**WHAT TO DO**:
A faithful copy is required. Print each line of the data exactly and omit the pictures.

**RAW DATA**:
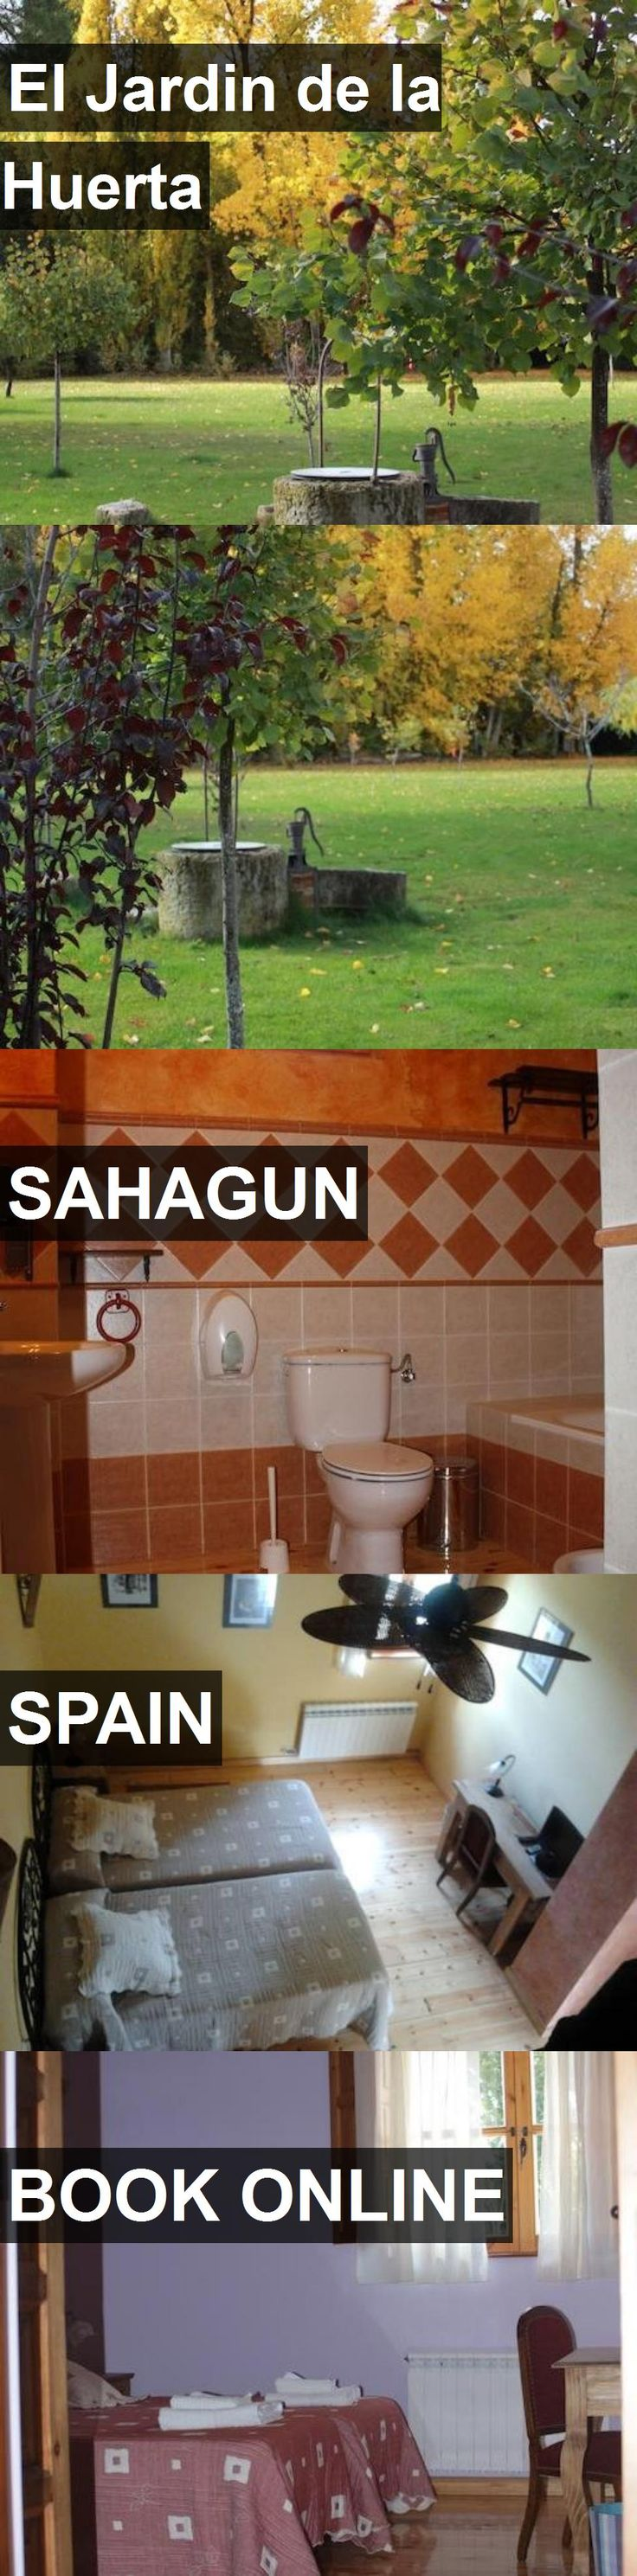 Hotel El Jardin de la Huerta in Sahagun, Spain. For more information, photos, reviews and best prices please follow the link. #Spain #Sahagun #ElJardindelaHuerta #hotel #travel #vacation
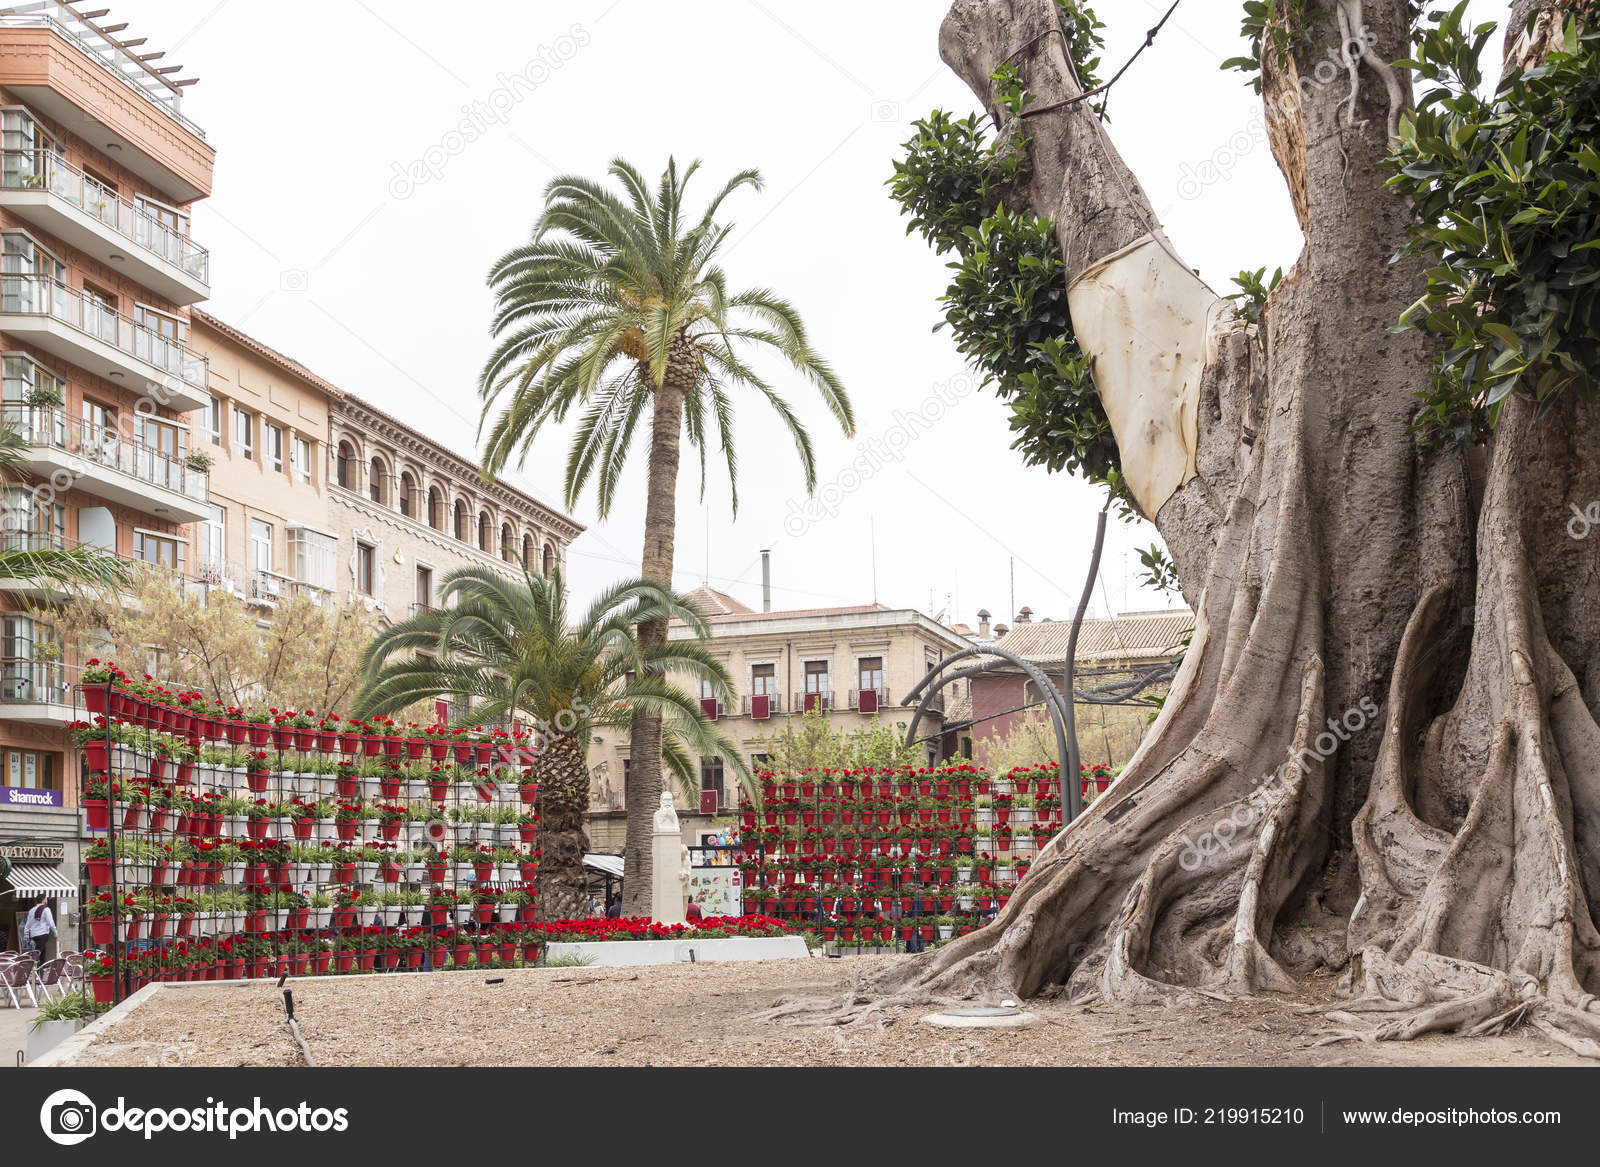 Plaza Santo Domingo Murcia Spring Festivities 2018 Structure Pots
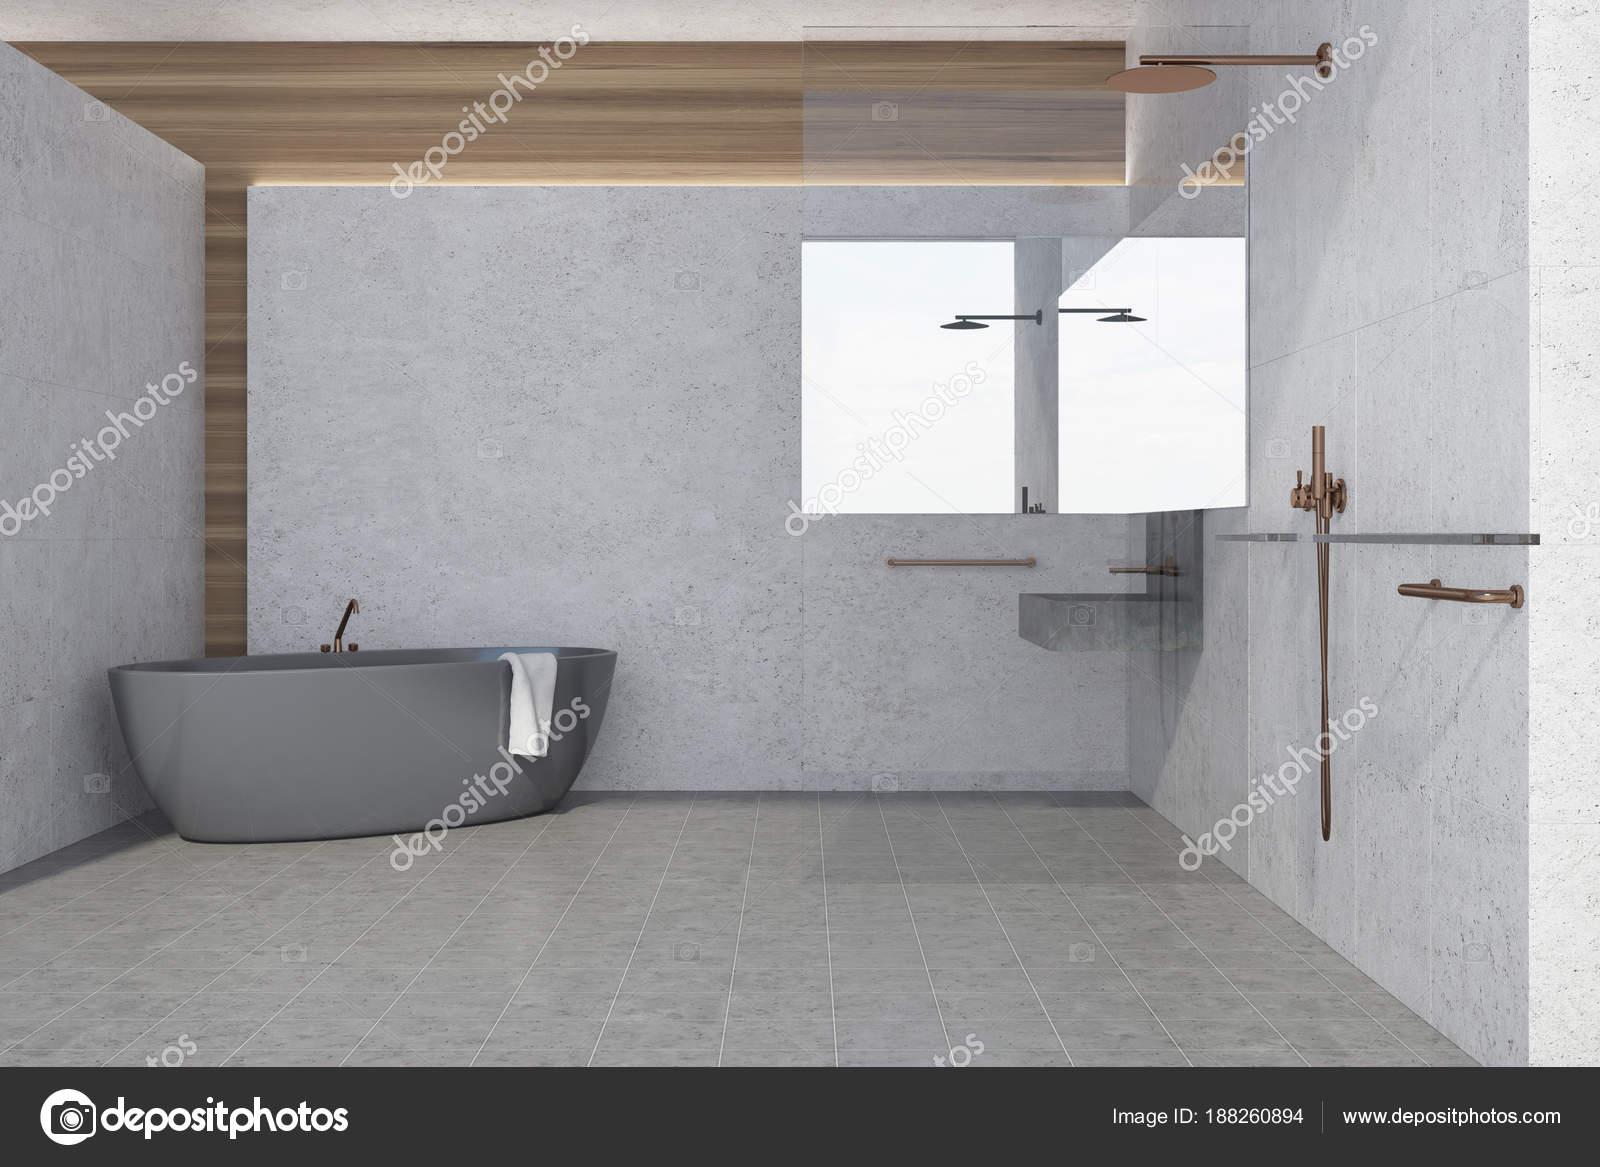 Beton Muur Badkamer : Betonnen muur badkamer interieur grijze tub u2014 stockfoto
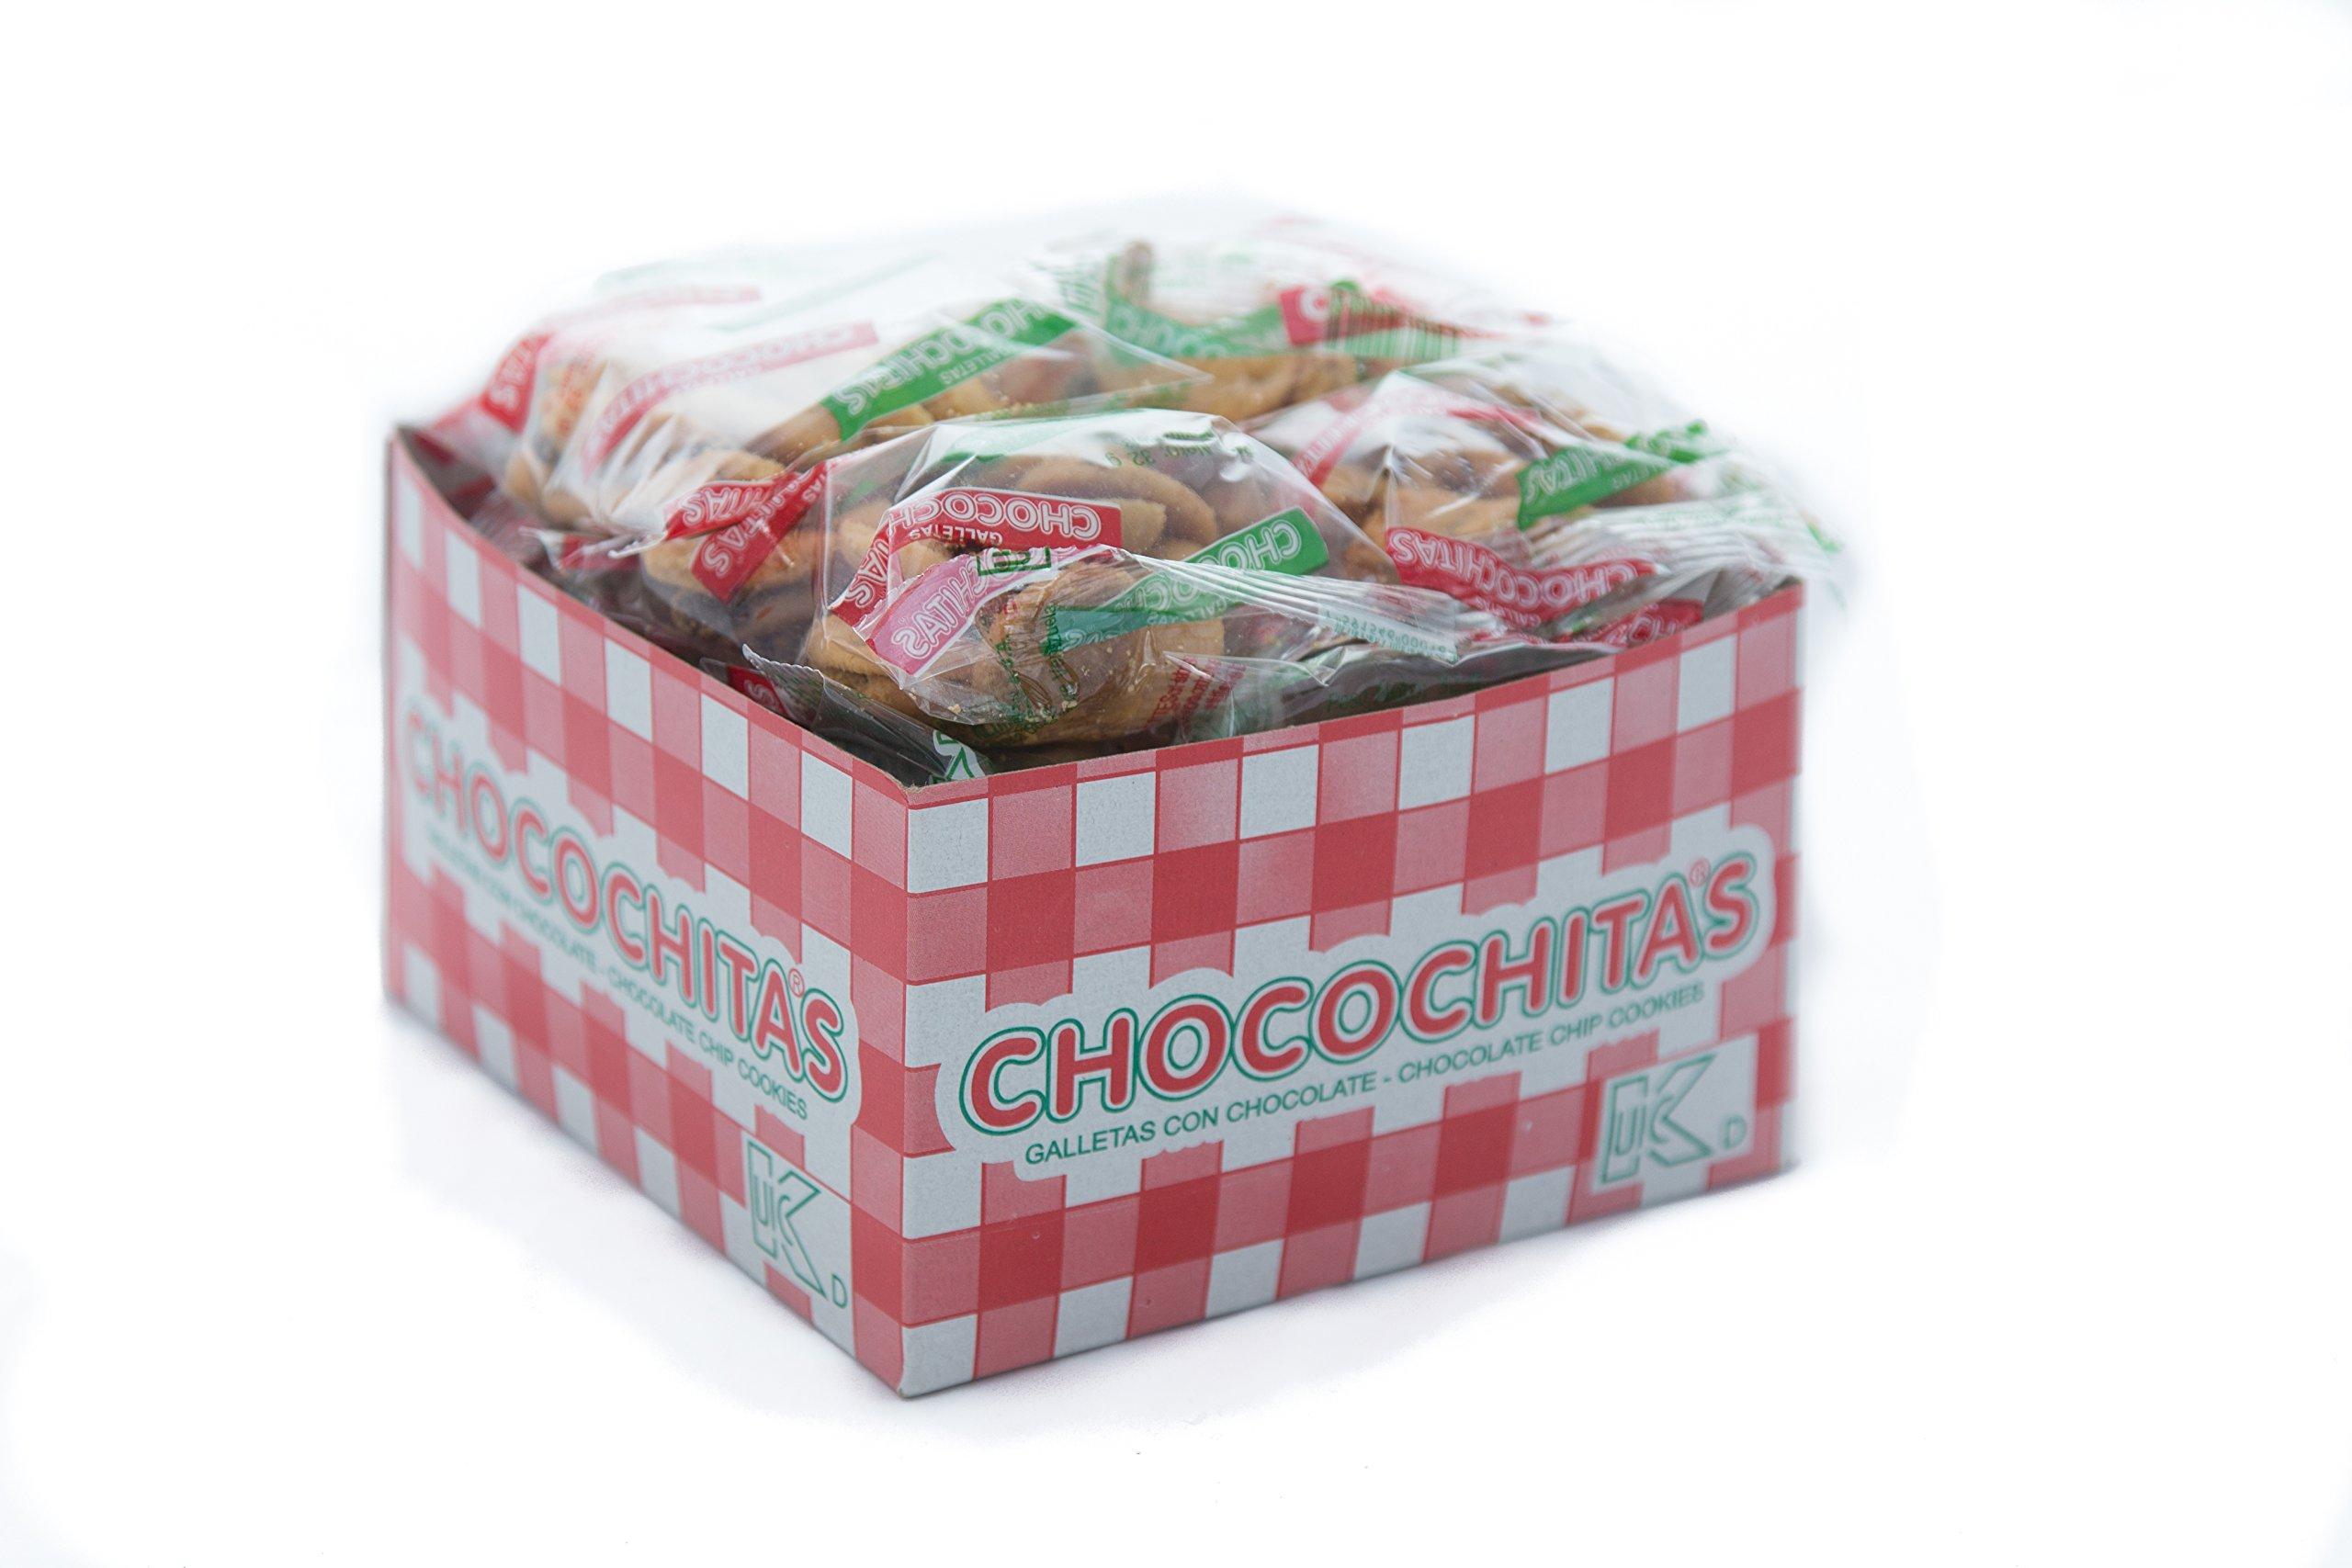 Chocochitas, the Best Venezuelan Chocolate Chip Cookies by Psycarts

**EXPECTED ANSWER**:
 Hotel El Jardin de la Huerta in Sahagun, Spain. For more information, photos, reviews and best prices please follow the link. #Spain #Sahagun #ElJardindelaHuerta #hotel #travel #vacation
 Plaza Santo Domingo Murcia Spring Festivities 2018 Structure Pots
 Beton Muur Badkamer : Betonnen muur badkamer interieur grijze tub u2014 stockfoto
 Chocochitas, the Best Venezuelan Chocolate Chip Cookies by Psycarts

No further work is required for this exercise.